أعوذ بالله من الشيطان الرجيم بسم الله الرحمن الرحيم
“Say: “Verily, my salat (prayers), my sacrifice, my living, and my dying are for Allah, Lord of all being”
- (Surah Al-An’am 6:162)

A Palestinian Muslim girl prays in the men's mosque before the evening prayer called "tarawih", during the holy fasting month of Ramadan in the West Bank city of Ramallah, Wednesday, Sept. 17, 2008. (AP Photo/Muhammed Muheisen)

Friday, July 17, 2009

my random thoughts

so much is going on in my head for the past few days. while we have agreed that the most bulk of the russian project will be taken up by my boss i still have the JB, Korea & Japan ceremonies to look at. today i kept making references to the korea event while i discuss the japan event and make fun of myself.

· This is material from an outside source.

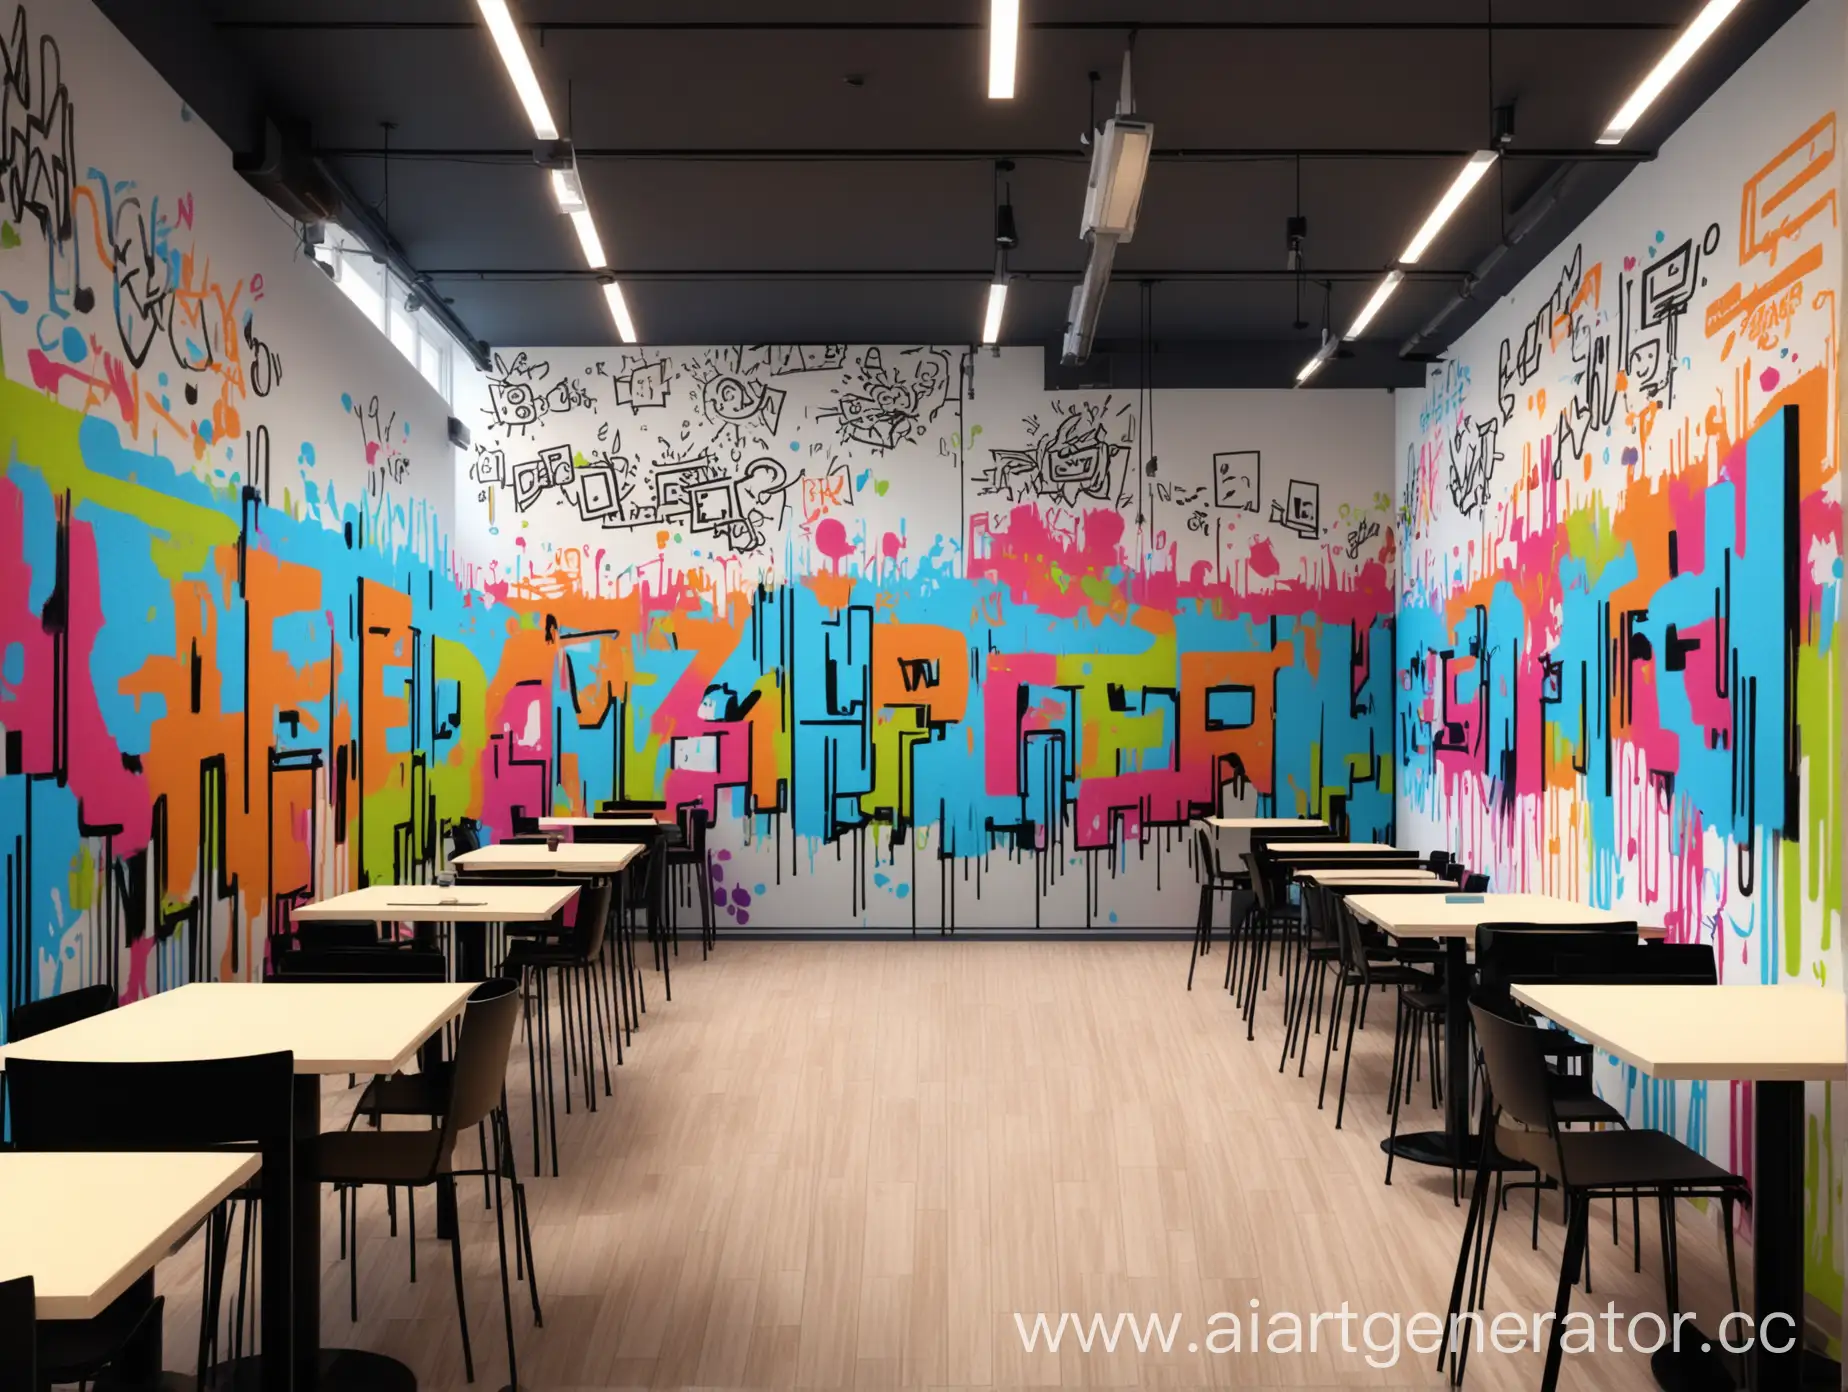 горизонтальное граффити на стене indoors, рисунок на стене в помещении, разноцветный и интересный сюжет, находится возле кафе или столовой, академия дизайна и программирования, яркий и современный стиль, дизайн, программирование
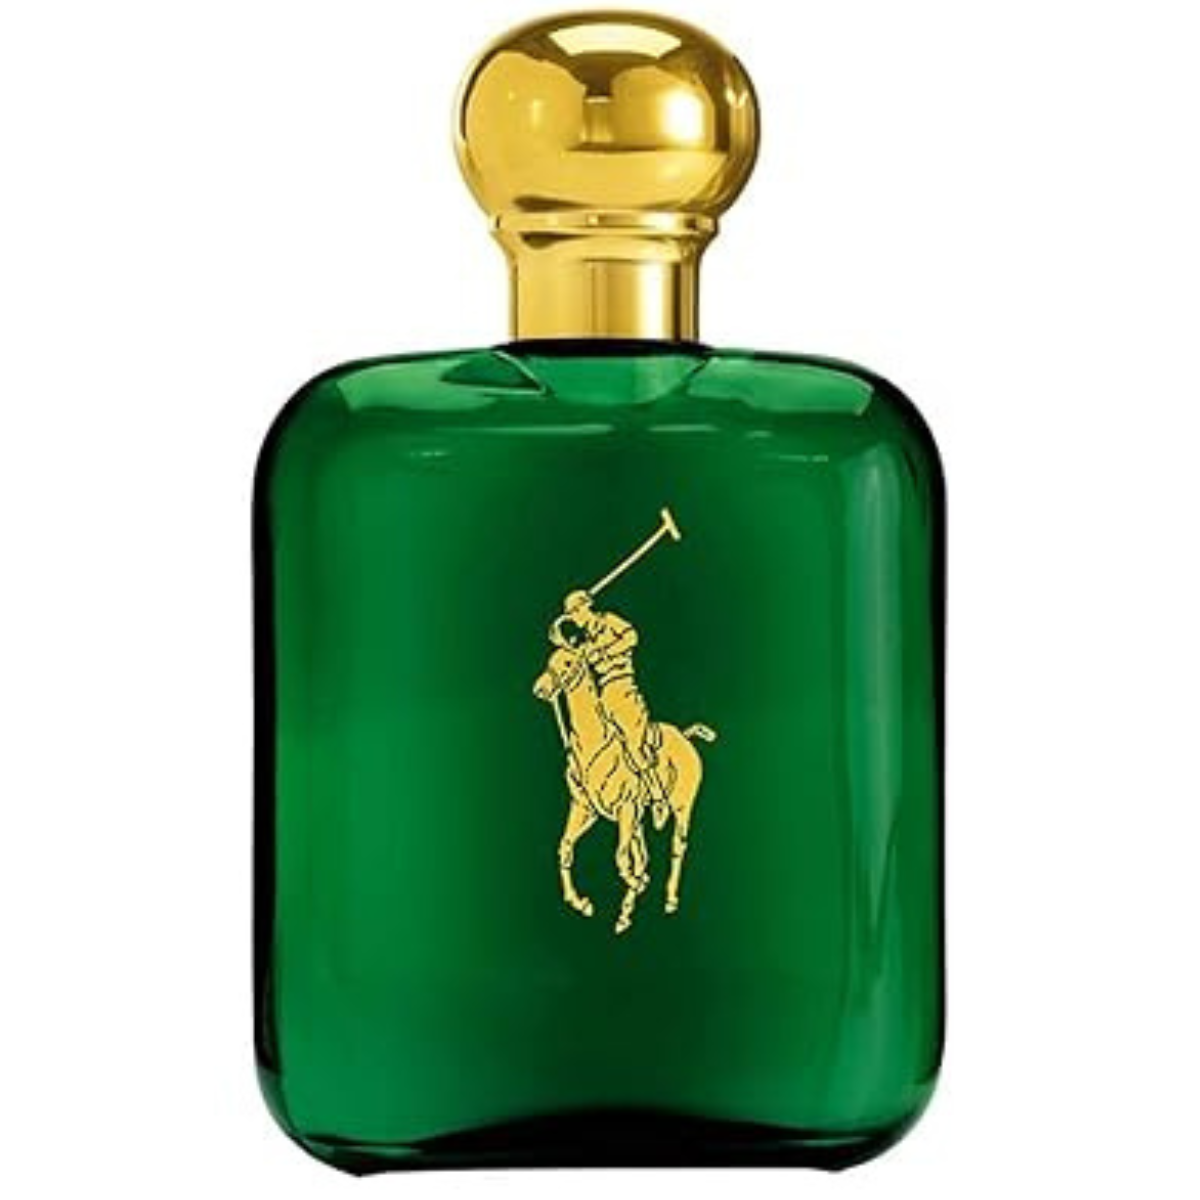 Ralph Lauren Polo Green 118 Ml For Men Perfume

yeah. it's true some people envy us for being able to travel. but really, they wouldn't want my job the very least. sigh.

it's really a joke when the company choose to slash some people off the "performing" charts. by slashing it also means a chunk of "reward money" will end up to be merely shattered dreams. i wonder if our team got shot down too. if indeed we did - i am seriously disappointed in the new top guy who i adore all these times. it's pathetic to take away motivation from your staff who work their a$$ off even on wknds or public holiday. seriously i need help to update my resume. any personal helpers? =)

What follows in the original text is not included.